Additional environment details (AWS, VirtualBox, physical, etc.):

  • On AWS inside VPC. Following ports are open:
    • TCP: 2377, 4789, 7946
    • UDP: 7946, 4789
    • ESP: All
    • Some addition TCP and UDP ports are also open, for other host services
  • We’re using an overlay network with the encrypted option on

About this issue

  • Original URL
  • State: closed
  • Created 7 years ago
  • Reactions: 13
  • Comments: 33 (6 by maintainers)

Most upvoted comments

Any one looking into this? We’ve migrated to swarm fully, and are now slowly rolling back piece by piece. We can’t run our platform like this, since as a result of the above symptoms, we’re serving back 500s every so often.

Spoke too soon, we still have the problem, even with normal networking. It happens seemingly at random, but I’m sure that can’t be. Any suggestions on which logs I should get, and from which types of nodes?

Similar problem here, occurs under heavy IO load, both with integrated and external storage.
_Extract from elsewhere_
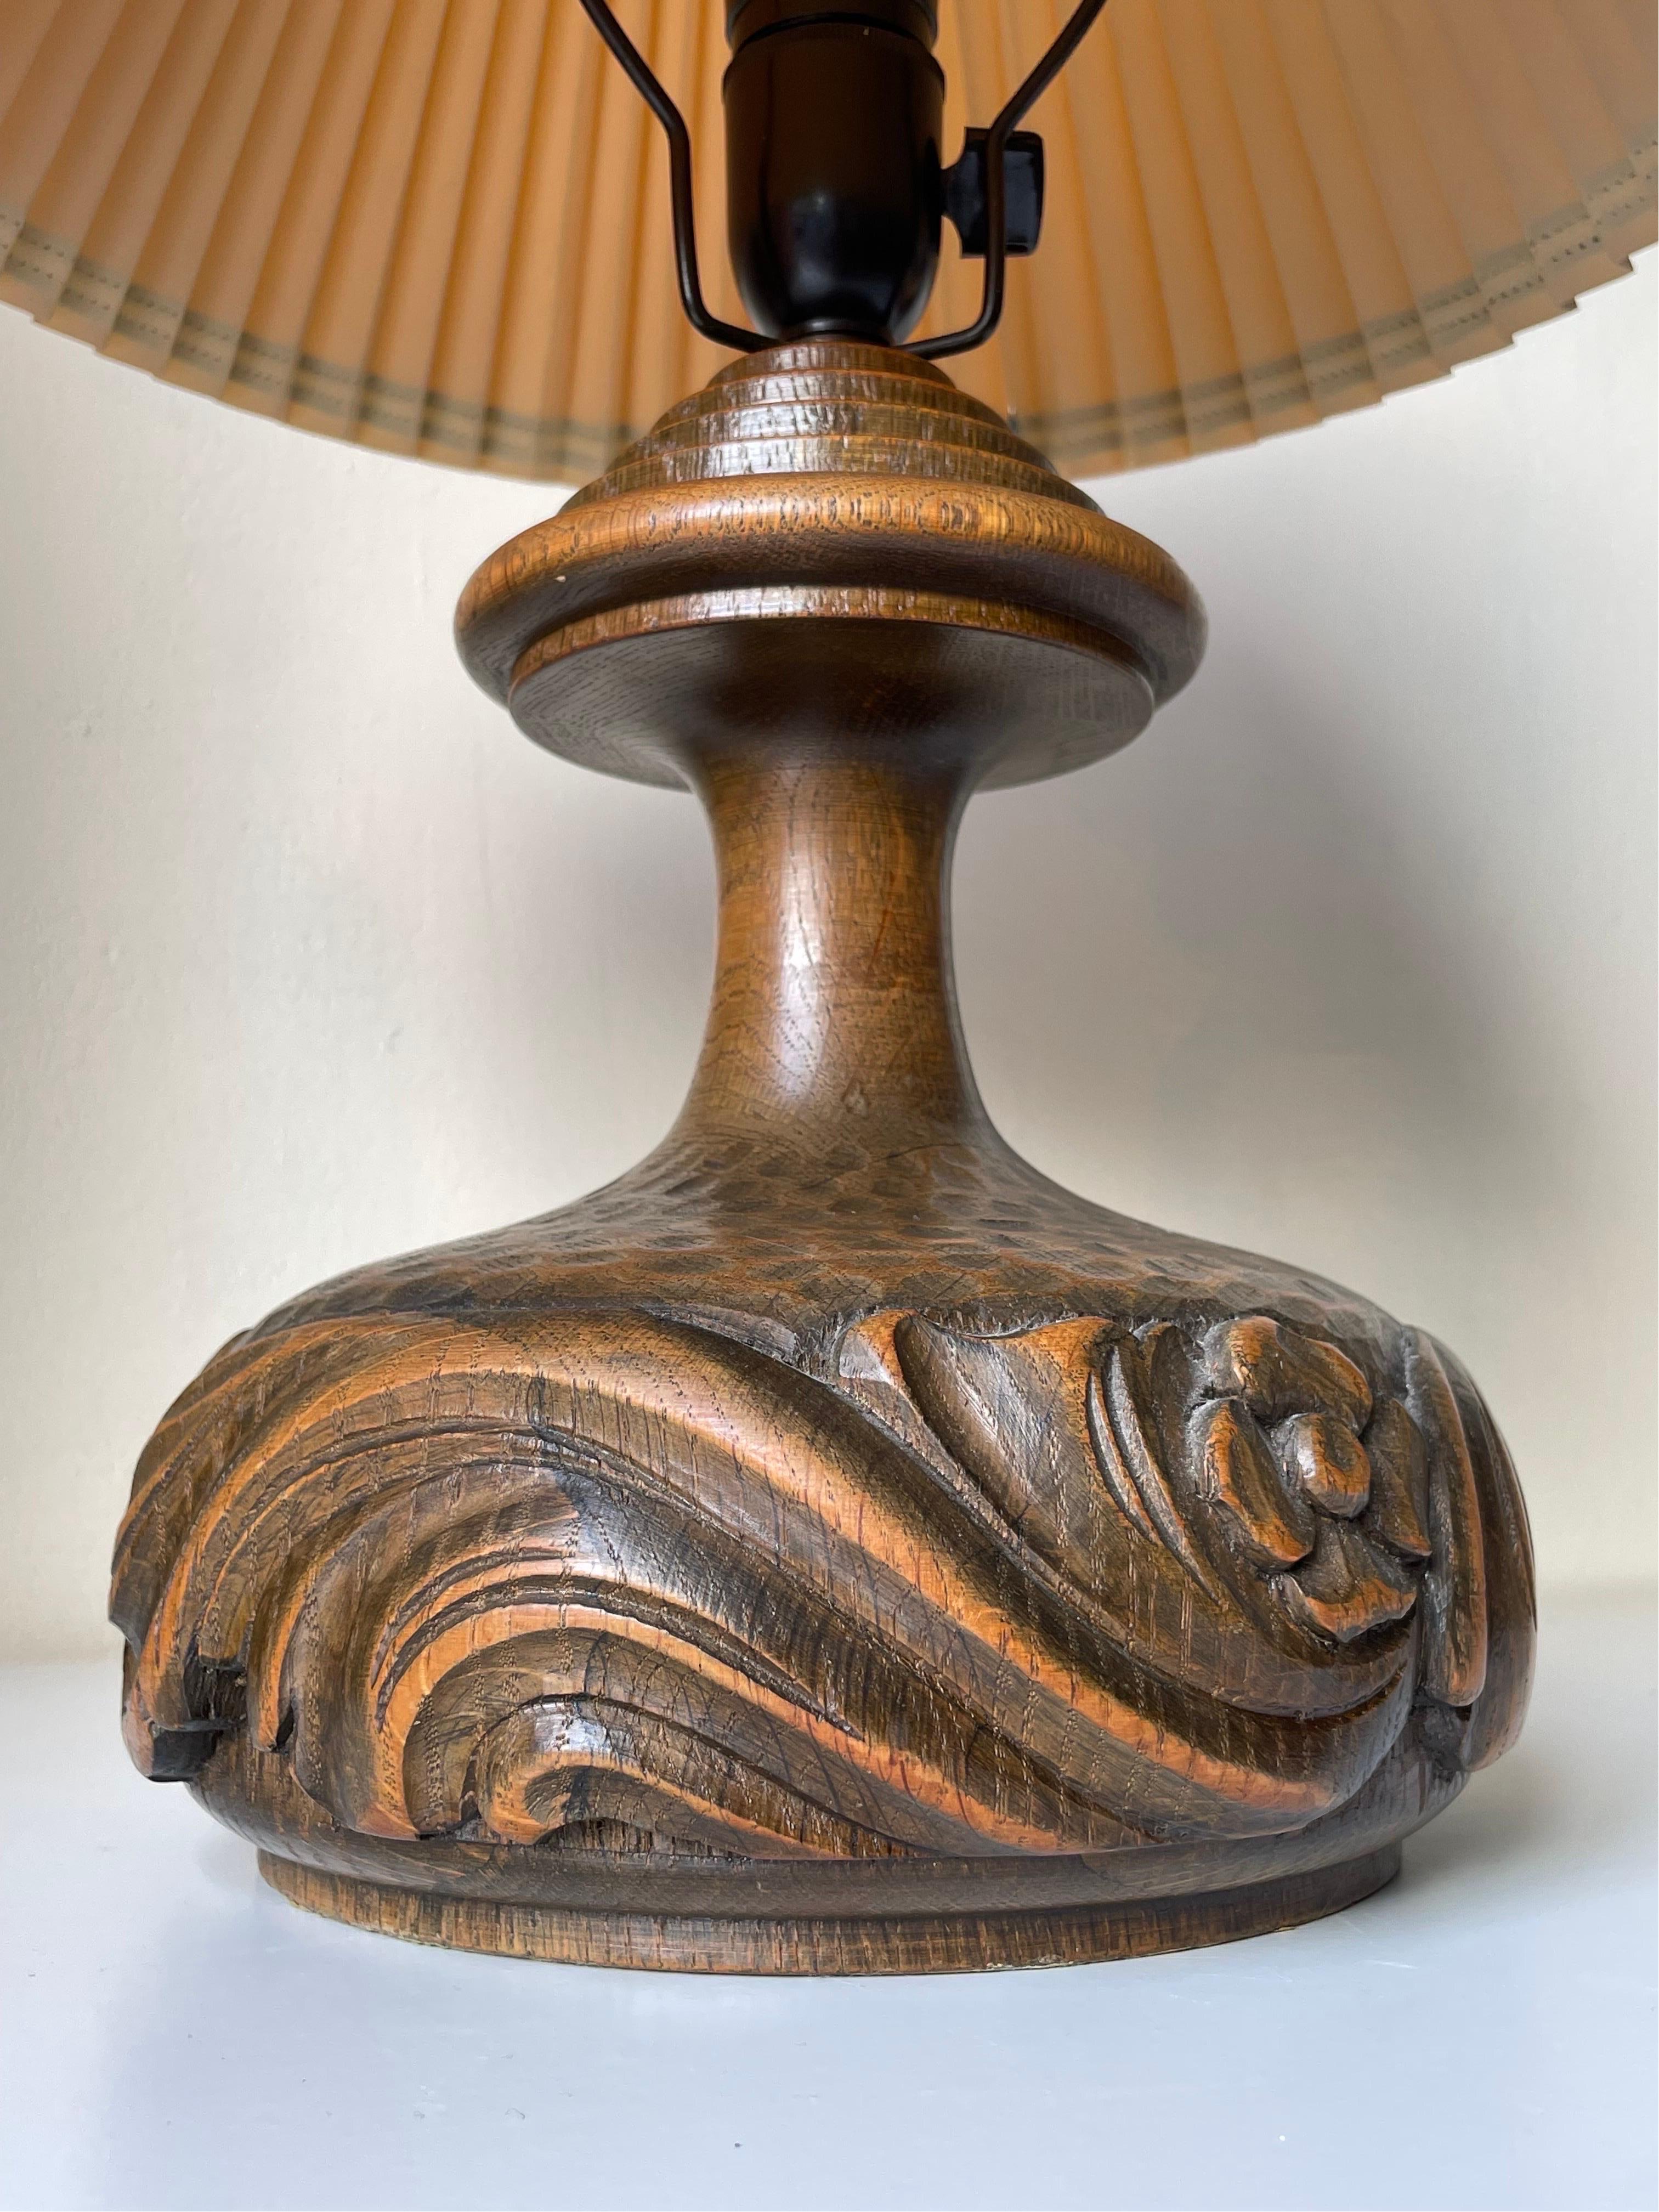 1940s lacquered solid wooden table lamp with swirling organic hand-carved relief decorations around the heavy body. Smooth slender neck with wide tiered architectural top. Original black fitting with switch and brass shade holder. Beautiful vintage

2017-07-12T12:48:49.941714411Z memberlist: Failed fallback ping: read tcp: i/o timeout
2017-07-12T12:48:49.941893525Z memberlist: Suspect xxx-79599d82f216 has failed, no acks received
2017-07-12T12:48:52.471544290Z Node join event for srv067171.nue2.bigpoint.net-79599d82f216/10.72.67.171
2017-07-12T12:48:52.847381111Z memberlist: Was able to connect to xxx but other probes failed, network may be miscon

This occurred on a 2 node setup with lots of cpu (80 cores / 256 GB ram / 10 Gbit network interconnect) while only disk io was at 100%. I haven’t checked if consul waits for disk IO and what the timeout is, would be nice to be able to increase the timeout to avoid this.

We are now starting the containers manually on each node, still using swarm networking / macvlan, to avoid having the containers killed on timeout+rejoin events.

I had similar problems as stated above (with Ubuntu 16.04.2 LTS 4.4.0-78-generic kernel) (but I never got kernel panic and the VPS is not at DigitalOcean)

Installing linux-generic-hwe-16.04 ( apt-get install linux-generic-hwe-16.04 ) installed 4.8 kernel ( 4.8.0-52-generic ) and the problem seems to be gone since.